- Hathifushi Location within Maldives
- Coordinates: 7°1′12″N 72°49′49″E﻿ / ﻿7.02000°N 72.83028°E
- Country: Maldives
- Administrative atoll: Haa Alif Atoll
- Distance to Malé: 322.37 km (200.31 mi)

Dimensions
- • Length: 0.270 km (0.168 mi)
- • Width: 0.170 km (0.106 mi)

Population
- • Total: 260
- Time zone: UTC+05:00 (MST)

= Hathifushi (Haa Alif Atoll) =

Hathifushi (Dhivehi: ހަތިފުށި) was one of the inhabited islands of Haa Alif Atoll and is geographically part of the Ihavandhippolhu Atoll in the Maldives. It was abandoned in 2007 by its resident community of 295 residents following storm surges. This community had been requesting relocation for decades prior.
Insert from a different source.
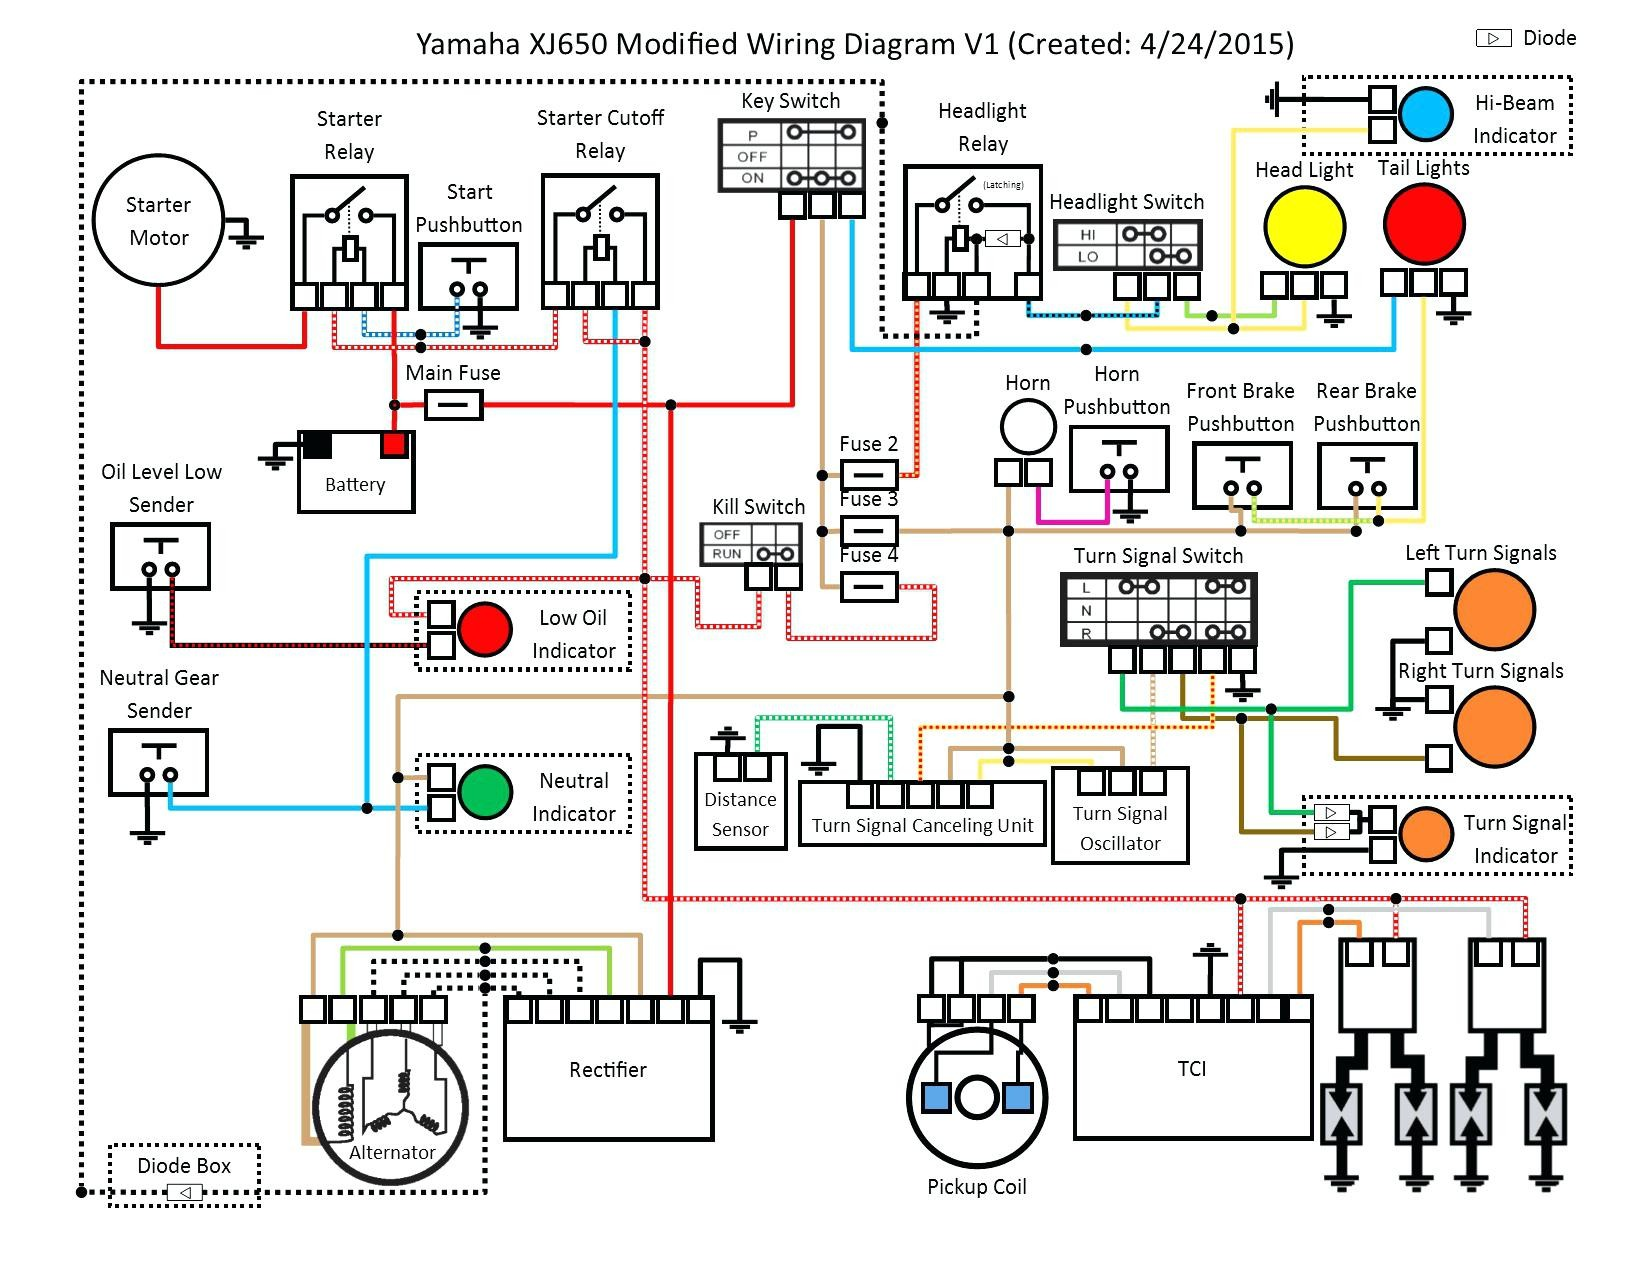 ST_3986] Wiring Diagram Further Snyder General Fortmaker Furnace Wiring  Diagram Download DiagramInifo Geis Kapemie Phot Hroni Frag Frag Teria Unre Garna Mohammedshrine  Librar Wiring 101

Hathifushi people now live in the island of Hanimaadhoo in Haa Dhaalu atoll. Before the relocation, Hathifushi was one of the non-smoking islands of the Maldives with the island chief levying a fine of Rf5,000 (approx. US$400) on any person if proven to commit an act of smoking. The other non-smoking islands of Maldives are Berinmadhoo, Nolhivaranfaru, and Madifushi.